We’re going to use the
Azure AD PowerShell module to modify the AD Application service principal later
in the procedure, so install this first.
You can download the
module from here:
- · 32-bit version: http://go.microsoft.com/fwlink/p/?linkid=236298
- · 64-bit version: http://go.microsoft.com/fwlink/p/?linkid=236297
I needed to install Microsoft Online Services Sign-In Assistant for IT
Professionals BETA (not RTW): http://www.microsoft.com/en-us/download/confirmation.aspx?id=39267
Creating an AD Group
1.
First go
the AD GROUP workspace in the portal for our Active Directory and click ADD
GROUP on the toolbar:
2.
Enter a
name and description of the group and click the tick button to create it:
3.
Next click
on the newly created group and then ADD MEMBERS on the toolbar:
4.
In the Add
members dialog, click on the AD user we created to add it to the SELECTED list
and click the tick button to confirm:
5.
Now go to
the GROUP CONFIGURE tab and make a note of the OBJECT ID, we’ll need this
later.
6.
Next we
need to create a key for our application to allow us to access the graph API,
so create a new key in the APPLICATION workspace CONFIGURE tab:
7.
Make a
note of this and the CLIENT ID.
8.
We need to
create keys for the local and Azure AD applications.
Modifying the Application Service Principal
We need to modify
our application’s Service Principal so that it has permission to access the
Graph API, in theory this should be done by adjusting the permissions to other
applications section of the APPLICATION CONFIGURATION tab but at the time of
writing this it doesn’t work. Please try it yourself and if it doesn’t work for
you (you will get an unauthorized exception in the AD Graph API Client) use the
following procedure to manually add the service principal to an administrator
role:
1.
Launch the
Azure AD PowerShell Console (from the desktop shortcut if you chose to use it).
2.
First we
need to obtain our AD credentials, so type the following command and enter your
AD user credentials when prompted:
$msolcred = get-credential
This stores the credentials in a variable called $msolcred.
3.
Next we
need to connect the console by typing the following command:
connect-msolservice -credential $msolcred
For a quick test, we can use the get-msoluser command to list AD users.

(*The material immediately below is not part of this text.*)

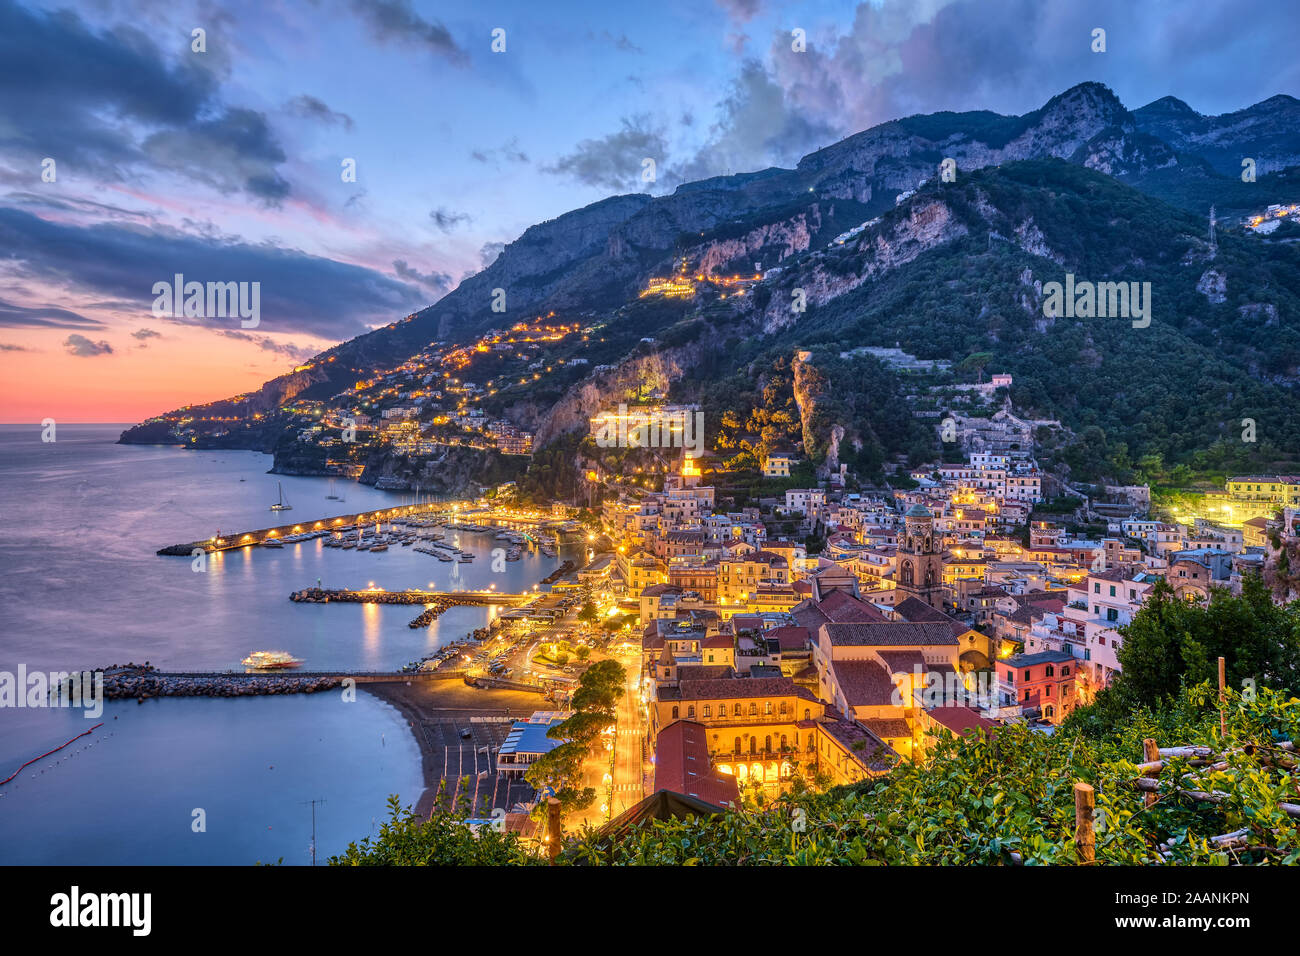 The beautiful village of Amalfi in Italy at sunset Stock Photo

We should see something like this:
PS C:\WINDOWS\system32> get-msoluser
UserPrincipalName
DisplayName
isLicensed
-----------------
-----------
----------
gwebbercross_outlook.co... Geoff Webber-Cross False
geoff@azurebakery.onmic... Geoff False
4.
Now we
need to get the service principal for our application using the following
command (get the CLIENT ID from CONFIGURE tab of the AD APPLICATION workspace
for the application associated with the website):
$msolServicePrincipal = Get-MsolServicePrincipal -AppPrincipalId YourClientId
5.
We can see
the properties of the service principal
object by outputting it like this:
write-output $msolServicePrincipal
6.
Next we
need to add the service principal to an administrator role like this:
Add-MsolRoleMember
-RoleName “Company Administrator” -RoleMemberObjectId
$msolServicePrincipal.ObjectId –RoleMemberType ServicePrincipal
Implementing AzureAdAuthorizeAttribute
We’re going to
create a class called AzureAdAuthorizeAttribute which can be added to a
controller with either a group name or group ObjectId specified. The ObjectId
implementation is more efficient as it doesn’t require an additional query to
look up the id from the name.
We need to install the Microsoft.Azure.ActiveDirectory.GraphClient and Microsoft.IdentityModel.Clients.ActiveDirectory Microsoft.IdentityModel.Clients.ActiveDirectory NuGet packages by entering the following commands:
- Install-Package Microsoft.Azure.ActiveDirectory.GraphClient
- Install-Package Microsoft.IdentityModel.Clients.ActiveDirectory
This is the complete
code for the attribute, the comments in the code explain what’s going on:
using Microsoft.Azure.ActiveDirectory.GraphClient;
using Microsoft.IdentityModel.Clients.ActiveDirectory;
using System;
using System.Collections.Generic;
using System.Configuration;
using System.Linq;
using System.Security.Claims;
using System.Web;
using System.Web.Mvc;
namespace AdminWebsite.Auth
{
[AttributeUsageAttribute(AttributeTargets.Class | AttributeTargets.Method, Inherited = true, AllowMultiple = true)]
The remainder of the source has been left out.